I am trying to train a neural network which takes as input (
input_t0) and an initial hidden state (call it
s_t0) and produces a new hidden state (
s_t1) by transforming the input via a series of transformations (neural network layers). At the next time step, a transformed input (
input_t1) and the hidden state from the previous time step (
s_t1) is passed to the same model. This process keeps repeating for a couple of steps.
The goal of optimization is to ensure the distance between
s_t1 is small through self-supervision, as
s_t1 is supposed to be an transformed version of
s_t0. In other words, I want
s_t1 to only carry new information in the new input. My intuition tells me taking the norm of the weights and ensuring the norm does not go to zero (is this even possible?) would be one way to achieve this. However, I’m afraid won’t be the best thing to do necessarily, as it might not encourage the model to update the state vector with new information.

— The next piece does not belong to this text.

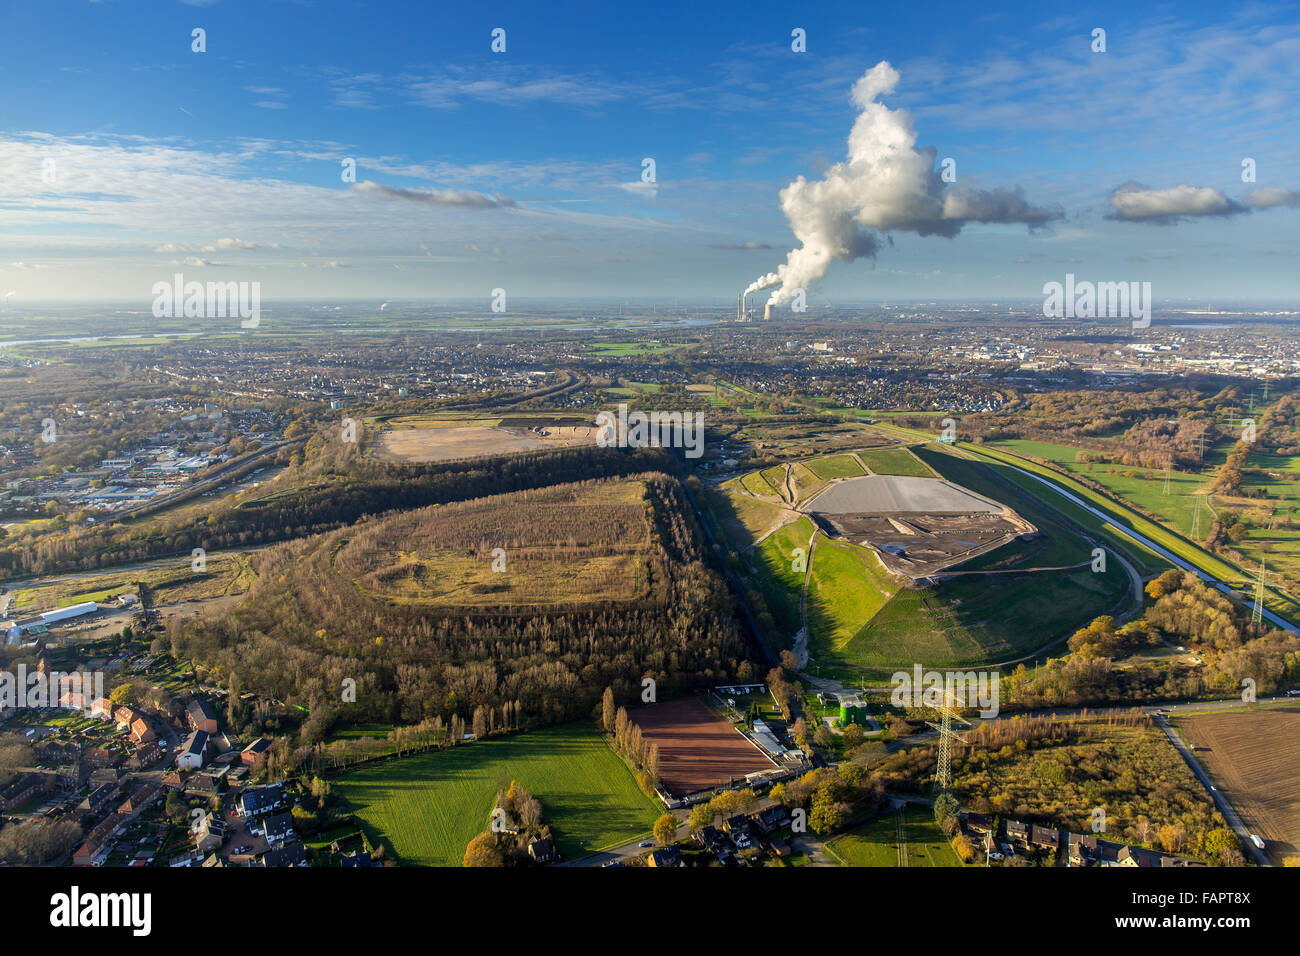 Slag heaps and Wehofen landfill, behind Dinslaken, Ruhr district, North Rhine-Westphalia, Germany - Stock Image

Currently the way I train the model is by taking the absolute distance between
loss = torch.abs(s_t1 - s_t0).mean(dim=1). Then I call
optimizer.step() which changes the weights. Note that the reason that I use
abs() is that the hidden states are produced after applying ReLU, so the only hold positive values. So what is the best way to achieve this and ensure the weights don’t go to 0? Would I be able to somehow use mutual information for this?
However, I noticed that optimization quickly finds the trivial solution by setting weights to 0. This causes both
s_t1 get smaller and smaller until their difference is 0, which satisfies the constraint but does not yield the behavior I expect. Is there a way to ensure weights do not go to zero during optimization?